__SOURCE RECORDS__:
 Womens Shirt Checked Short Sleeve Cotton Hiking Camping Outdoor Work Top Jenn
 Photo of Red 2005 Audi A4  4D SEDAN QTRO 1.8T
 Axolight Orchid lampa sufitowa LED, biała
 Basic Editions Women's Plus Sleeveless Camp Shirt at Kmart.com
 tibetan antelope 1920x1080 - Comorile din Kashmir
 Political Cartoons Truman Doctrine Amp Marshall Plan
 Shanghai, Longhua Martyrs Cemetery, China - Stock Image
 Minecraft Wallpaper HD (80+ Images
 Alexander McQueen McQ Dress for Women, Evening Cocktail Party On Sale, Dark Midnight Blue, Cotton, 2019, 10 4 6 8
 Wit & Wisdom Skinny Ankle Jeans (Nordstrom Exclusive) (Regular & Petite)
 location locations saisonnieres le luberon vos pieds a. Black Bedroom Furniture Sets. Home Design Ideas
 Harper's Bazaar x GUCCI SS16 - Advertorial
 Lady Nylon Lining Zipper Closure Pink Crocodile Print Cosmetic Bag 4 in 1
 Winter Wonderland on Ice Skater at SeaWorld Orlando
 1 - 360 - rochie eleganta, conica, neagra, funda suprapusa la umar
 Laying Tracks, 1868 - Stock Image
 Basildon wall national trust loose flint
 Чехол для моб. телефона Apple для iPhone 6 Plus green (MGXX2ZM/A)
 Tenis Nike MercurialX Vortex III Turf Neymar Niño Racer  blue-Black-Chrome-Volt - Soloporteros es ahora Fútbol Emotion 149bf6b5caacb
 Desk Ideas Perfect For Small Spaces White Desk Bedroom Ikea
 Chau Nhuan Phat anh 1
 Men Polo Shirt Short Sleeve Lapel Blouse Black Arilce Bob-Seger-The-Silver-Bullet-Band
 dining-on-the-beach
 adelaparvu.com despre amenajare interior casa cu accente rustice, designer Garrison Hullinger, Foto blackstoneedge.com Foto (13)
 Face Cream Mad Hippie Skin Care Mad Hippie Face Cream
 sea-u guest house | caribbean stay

__WORK INSTRUCTION__:
Reproduce the data shown above in its entirety, keeping each word as it is.

__WRITTEN ANSWER__:
 Womens Shirt Checked Short Sleeve Cotton Hiking Camping Outdoor Work Top Jenn
 Photo of Red 2005 Audi A4  4D SEDAN QTRO 1.8T
 Axolight Orchid lampa sufitowa LED, biała
 Basic Editions Women's Plus Sleeveless Camp Shirt at Kmart.com
 tibetan antelope 1920x1080 - Comorile din Kashmir
 Political Cartoons Truman Doctrine Amp Marshall Plan
 Shanghai, Longhua Martyrs Cemetery, China - Stock Image
 Minecraft Wallpaper HD (80+ Images
 Alexander McQueen McQ Dress for Women, Evening Cocktail Party On Sale, Dark Midnight Blue, Cotton, 2019, 10 4 6 8
 Wit & Wisdom Skinny Ankle Jeans (Nordstrom Exclusive) (Regular & Petite)
 location locations saisonnieres le luberon vos pieds a. Black Bedroom Furniture Sets. Home Design Ideas
 Harper's Bazaar x GUCCI SS16 - Advertorial
 Lady Nylon Lining Zipper Closure Pink Crocodile Print Cosmetic Bag 4 in 1
 Winter Wonderland on Ice Skater at SeaWorld Orlando
 1 - 360 - rochie eleganta, conica, neagra, funda suprapusa la umar
 Laying Tracks, 1868 - Stock Image
 Basildon wall national trust loose flint
 Чехол для моб. телефона Apple для iPhone 6 Plus green (MGXX2ZM/A)
 Tenis Nike MercurialX Vortex III Turf Neymar Niño Racer  blue-Black-Chrome-Volt - Soloporteros es ahora Fútbol Emotion 149bf6b5caacb
 Desk Ideas Perfect For Small Spaces White Desk Bedroom Ikea
 Chau Nhuan Phat anh 1
 Men Polo Shirt Short Sleeve Lapel Blouse Black Arilce Bob-Seger-The-Silver-Bullet-Band
 dining-on-the-beach
 adelaparvu.com despre amenajare interior casa cu accente rustice, designer Garrison Hullinger, Foto blackstoneedge.com Foto (13)
 Face Cream Mad Hippie Skin Care Mad Hippie Face Cream
 sea-u guest house | caribbean stay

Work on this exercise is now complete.